ScienceNovember 16, 2018

Celebrating the amazing women of Antarctica

Rebecca Priestley having a read on the ice of Antarctica in 2014 (Photo: Cliff Atkins)
Rebecca Priestley having a read on the ice of Antarctica in 2014 (Photo: Cliff Atkins)

Women have made a massive impact on scientific research in Antarctica, but they don’t get remotely the recognition they deserve. Science-celebrator Steph Green wants to do something about that. 

Antarctica, the edge of the world – a seemingly endless expanse of glacial and sea ice, with no indigenous human population and an inhospitable climate. If there was any part of the world untouched by the patriarchy, surely this would be it?

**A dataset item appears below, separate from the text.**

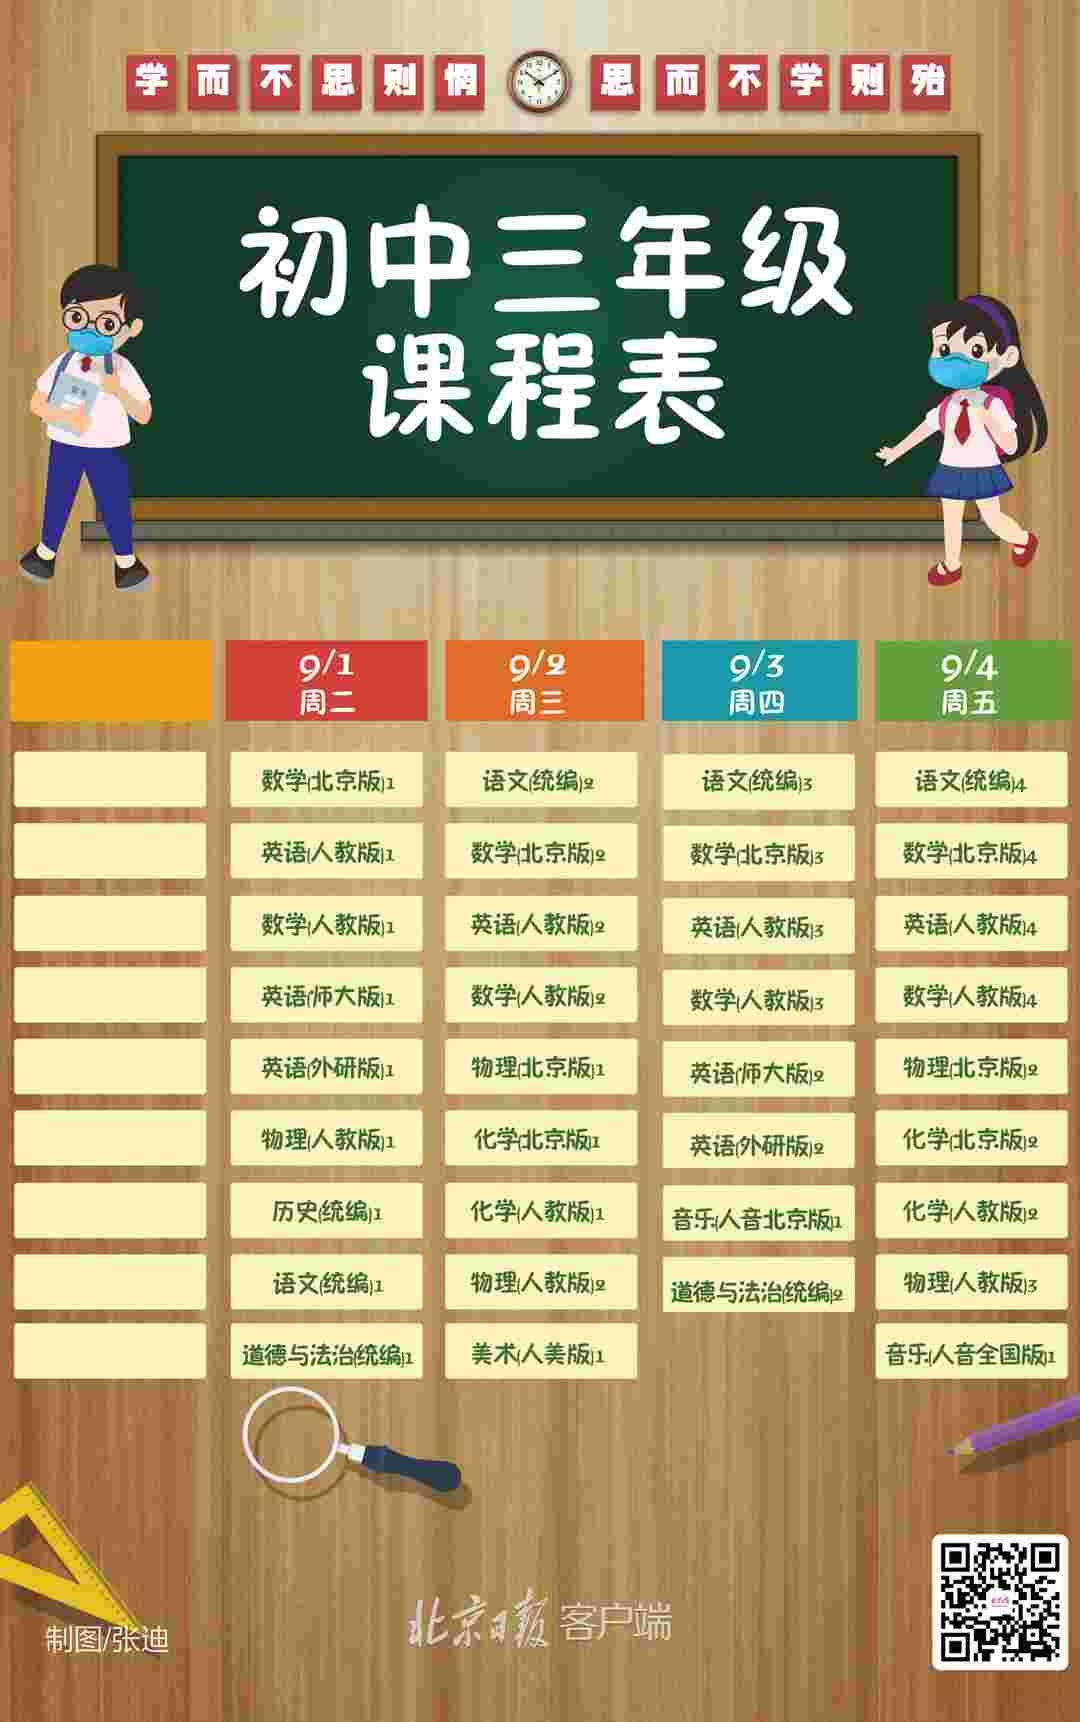 """开学了!北京中小学""""空中课堂""""一周课程表出炉,收藏!"""

Not so. Despite oral history from Oceania indicating female explorers visited the region, women have often been excluded from Antarctic exploration and scientific discovery. When Ernest Shackleton advertised for fellow adventurers in 1914, three women applied to join him, but they were not included. In 1937, 1300 women applied to join a British Antarctic Expedition. How many went to the frozen continent? Not a one.

The US Navy, who conducted many exploratory expeditions, even went so far as to outright ban women from setting foot on the frozen continent, claiming the sanitation facilities were too primitive for female sensibilities. Admiral George Dufek wrote in 1956 that women in Antarctica would, “wreck men’s illusions of being heroes and frontiersmen.” This ban wasn’t lifted until 1969.

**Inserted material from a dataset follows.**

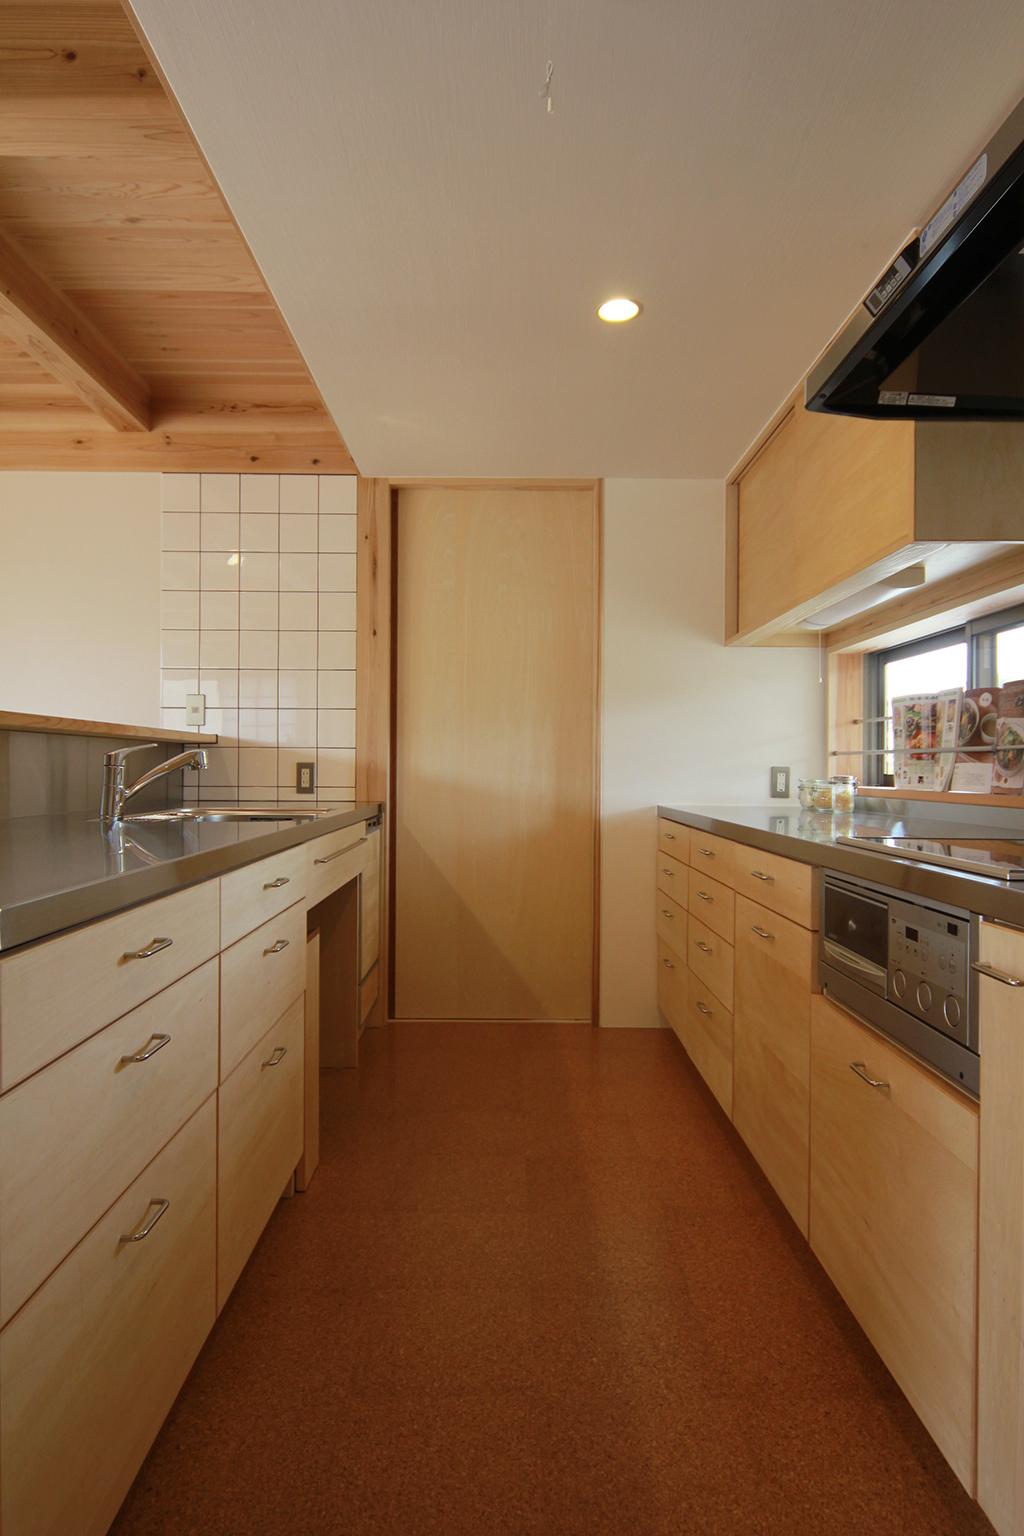 姫路市の木の家 大容量の収納のあるオリジナルキッチン

Nowadays, things on the frozen continent are different. Efforts by the scientific community across the world have improved numbers of women entering the sciences and applying for research opportunities. In 2016, nearly a third of all researchers at the South Pole were women.

New Zealand has played an important role in improving gender diversity on the ice. Because of our proximity to Antarctica and our joint logistics pool with the US, we’ve had a key voice in policy and communication with the public.

Italian biologists Simonetta Corsolini and Silvia Olmastroni with Emperor penguins near the Italian Mario Zucchelli permanent research station at Terra Nova Bay, in the Ross Sea, Antarctica. (Photo by Vittoriano Rastelli/Corbis via Getty Images)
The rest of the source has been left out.